Let’s start with ChatGPT:
Not gonna lie, this was a little disappointing. The image arrived without any other context, and though the text is accurate and a five-year-old might smile at the image, they might also be confused over some of the concepts, like “atoms”, “hydrogen”, and “helium” (okay, maybe they’re familiar with that last one).
With GPT-5, ChatGPT is supposed to be a better and maybe more concise conversationalist, with a stronger understanding of the emotion behind a prompt. It’s also avoiding filling knowledge gaps with nonsense. This distillation does illustrate some of that, but I think it fell far short of the mark.
Gemini
Gemini’s explanation is generally excellent, though I think it’s designed to be read out loud to a five-year-old.
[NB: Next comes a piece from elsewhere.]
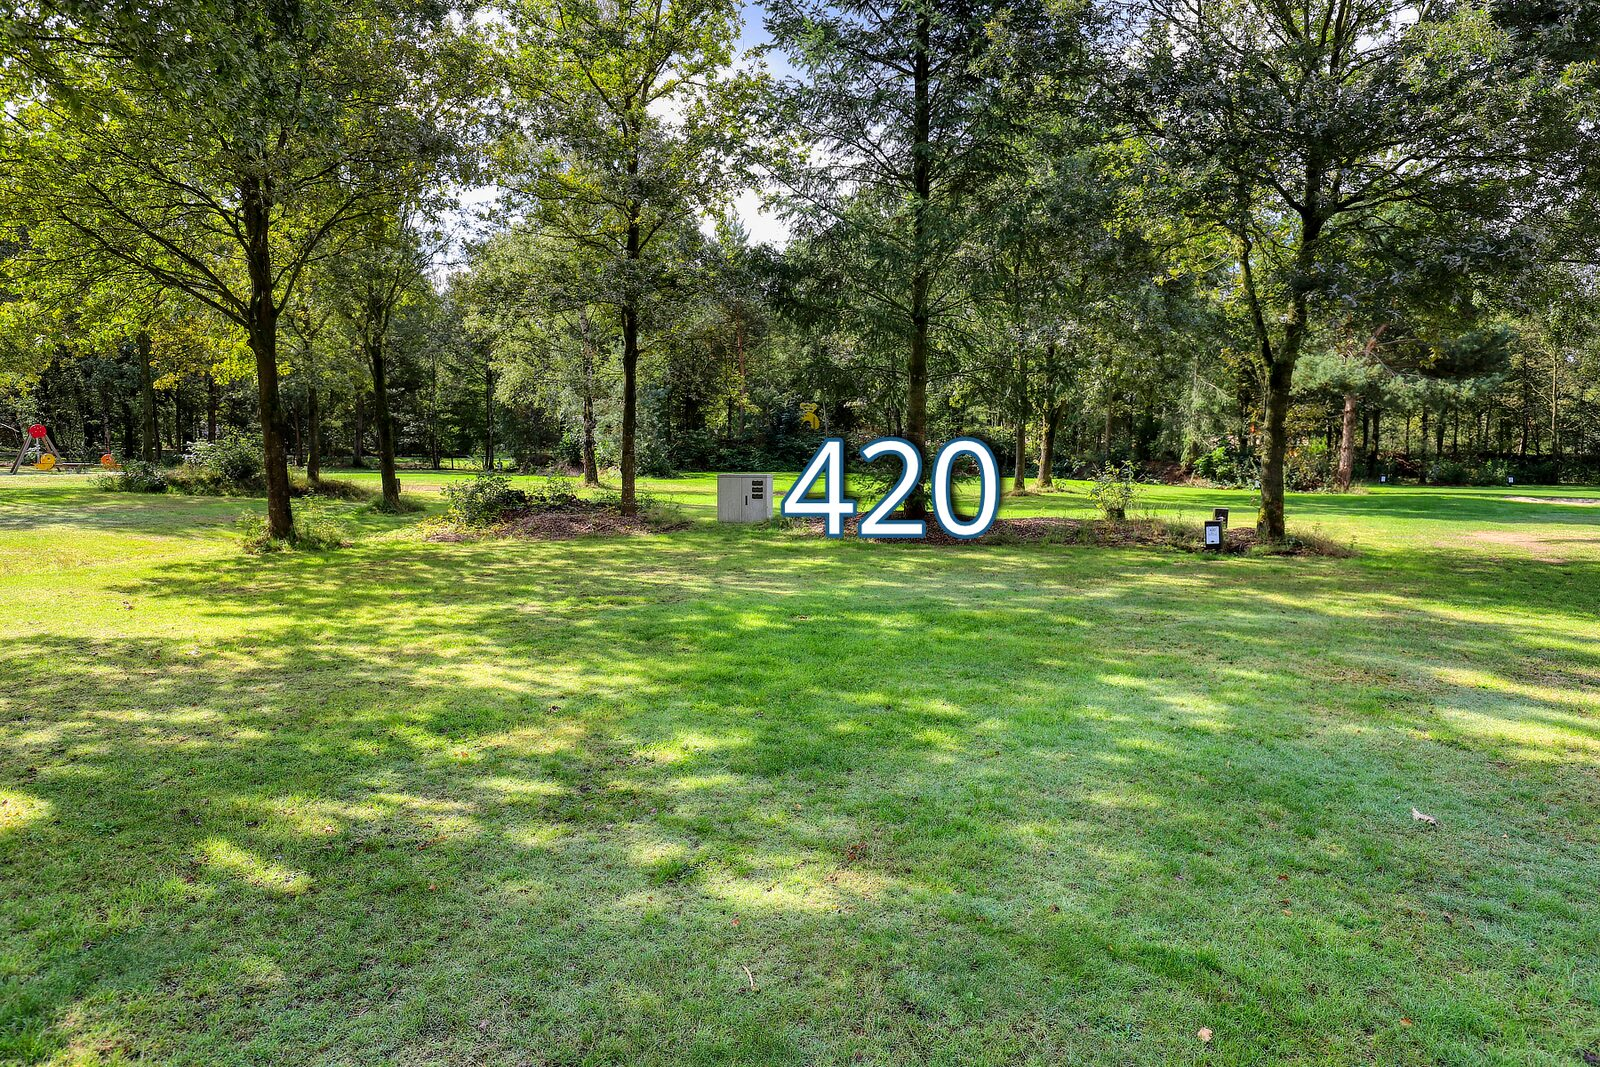 meemsveld 420

Still, I appreciate how it started by explaining hot fusion before delving into cold fusion.
It would’ve been nice if Gemini had also explained what atoms are, but at least it created an adorable illustration of two atoms hugging.
Copiliot
Copilot is an interesting case since it’s based on OpenAI’s GPT models, and I’m pretty sure it does not yet have access to GPT-5. In other words, its answer was probably crafted by GPT-4.
It did a much better job than GPT-5 of explaining all the core concepts and how cold fusion might work. Copilot also gets points for an excellent cold fusion analogy. “It’s like trying to bake cookies without turning on the oven. 🍪”.
Unfortunately, it failed to deliver inline illustrations.
Claude AI
I saved the best for last. Claude AI far outperformed GPT-5, Gemini, and Copilot, not necessarily because its text explanation is better than Gemini’s or Copilot’s (though it is), but because Claude AI automatically created an Artifact.
Clause AI Artifacts are instantly shareable apps, tools, and content. I didn’t ask Claude to create one, but next to the text was a “Cold Fusion for Kids!” interactive artifact, and it’s kind of brilliant.
If you publish the artifact, it produces a publicly shareable URL that’s live until you unpublish it. I made the guide live so you can see it.
Just look at it. It’s so simple, so clear, so much fun.
Claude AI smartly starts the guide by explaining and illustrating atoms. It then dives into the Sun and how it handles atoms and fusion. Next up is cold fusion, accompanied by a fun illustration of a bubbling scientist’s beaker.
There is a bit of depth here. The guide explores if cold fusion works and finally talks about why we’d want it: “It would be like having a tiny Sun in a jar!”
The only thing missing is one cute illustration of how Cold Fusion might work (perhaps they can borrow one from GPT-5).
Even though I have some experience with Claude AI artifacts, I didn’t expect it to go this way. I have high hopes for GPT-5, but I think Claude AI, and to a lesser extent Gemini, understand that being concise does not always equate to clarity.
I’m certain there are other areas where ChatGPT running GPT-5 outstrips them all, but in this instance, Claude AI knew the best way to explain cold fusion to a five-year-old – and me.